El problema fue que esos inversores y clientes eran en su mayoría británicos y holandeses. Y querían cobrar. Así que las autoridades del Reino Unido aplicaron, como medida coercitiva, la legislación antiterrorista nada menos, a los inslandeses. No al Banco ICESAVE -la nueva entidad financiera privada-, ni siquiera a las autoridades políticas que propiciaron el fiasco, sino a toda la población de Islandia.

El antaño privilegiado país vive en la bancarrota. Añadamos que en octubre de 2008, el Banco Central de Islandia intentó fijar en 131 coronas cada euro, pero, más tarde cayó a 340. Todavía no se ha regularidado el intercambio internacional que llegó a estar suspendido. Es decir, el dinero de los islandeses no vale nada fuera. Las historias personales que se cuentan aterran y los ciudadanos ven cómo única salida la emigración, pero con el bolsillo vacío.

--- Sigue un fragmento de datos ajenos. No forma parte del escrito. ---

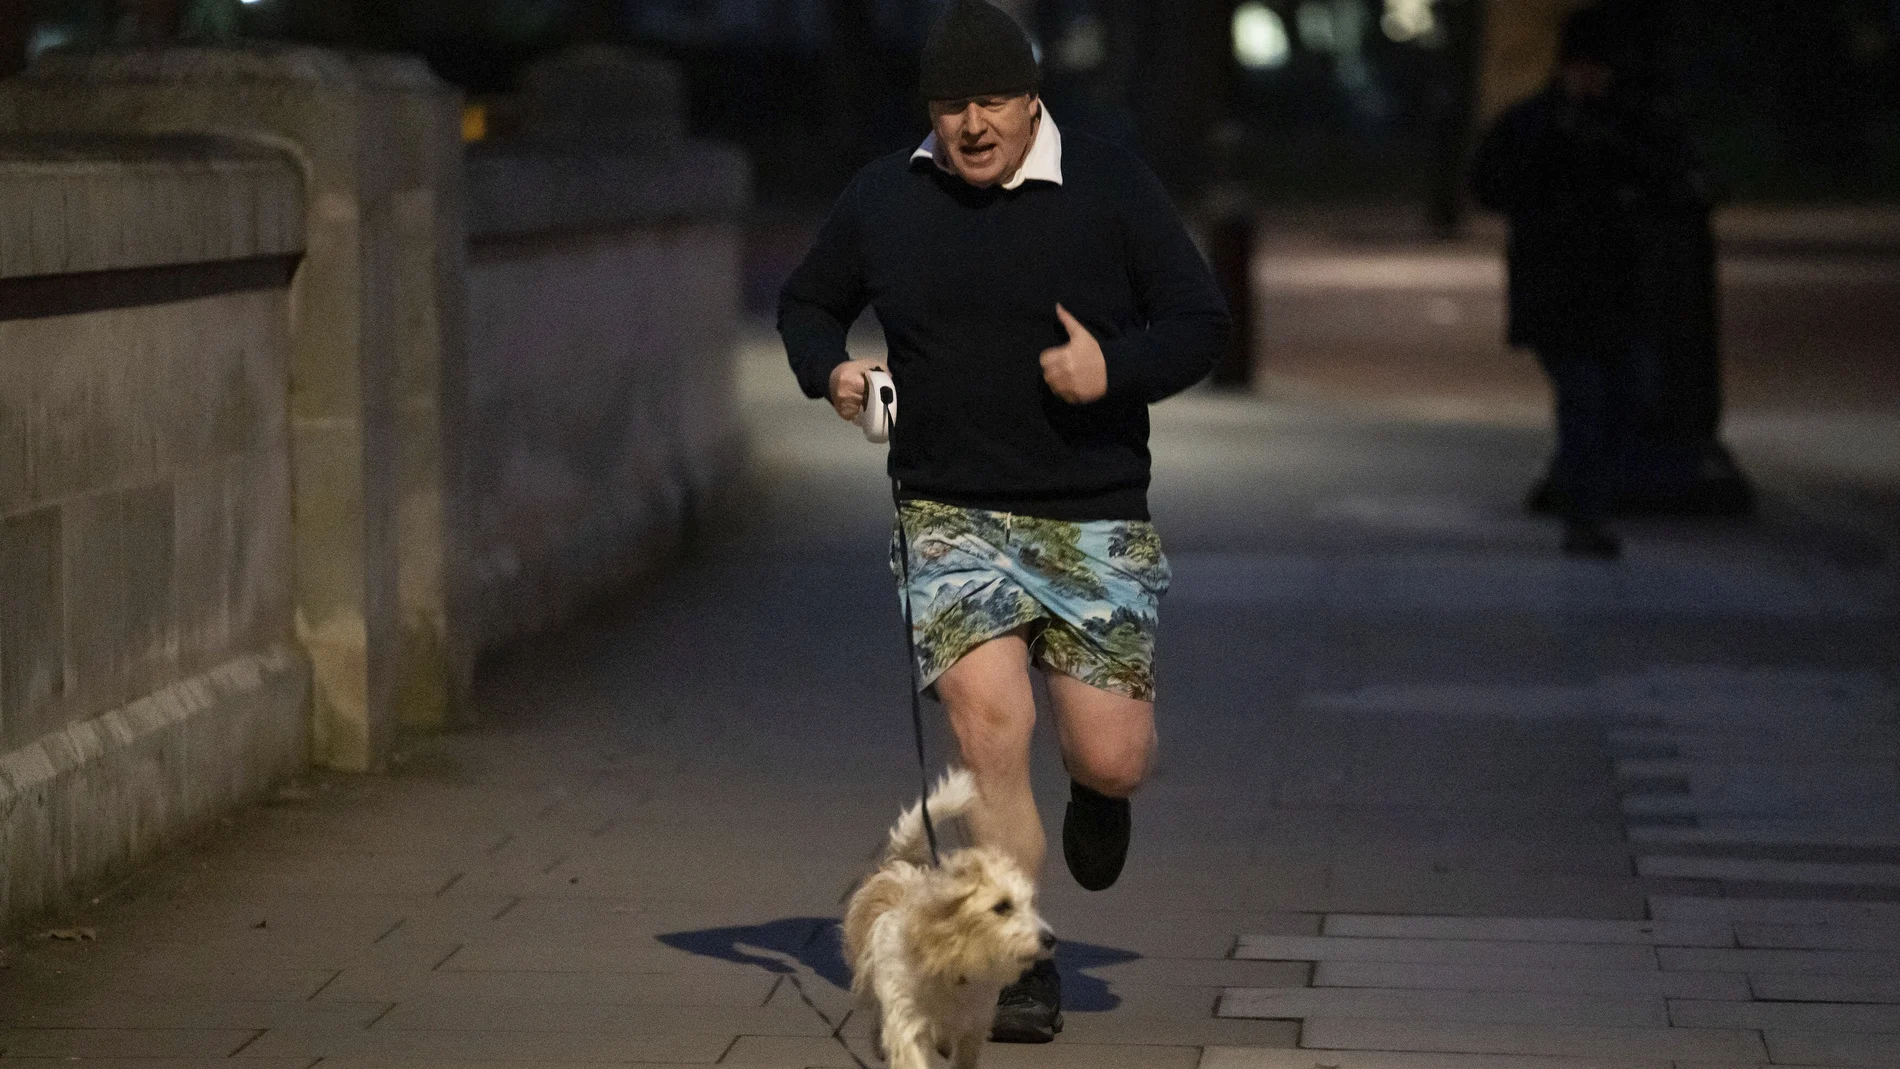 El primer ministro, Boris Johnson, sale a correr por el centro de Londres con ese atuendo

Y encima han de hacer frente a la deuda, a las indemnizaciones, valoradas en unos 5.000 millones de dólares (unos 3.468 millones de euros), que incluyen intereses -no faltaba más- del 5,5%. Es decir, que ni para un apuro los prestamistas dejan de obtener beneficios. Para gestionar la crisis cambiaron de Gobierno y eligieron a la socialdemócrata Jóhanna Sigurdardóttir, de 66 años, exsindicalista y gay. Quién ha propiciado la consulta a los ciudadanos acerca de sí quieren pagar la deuda de sus bolsillos y que les supone unos 50.000 euros por cabeza. Han dicho que no. Masivamente, como en las dictaduras o el supremo hartazgo: un 98%, según las primeras estimaciones de voto.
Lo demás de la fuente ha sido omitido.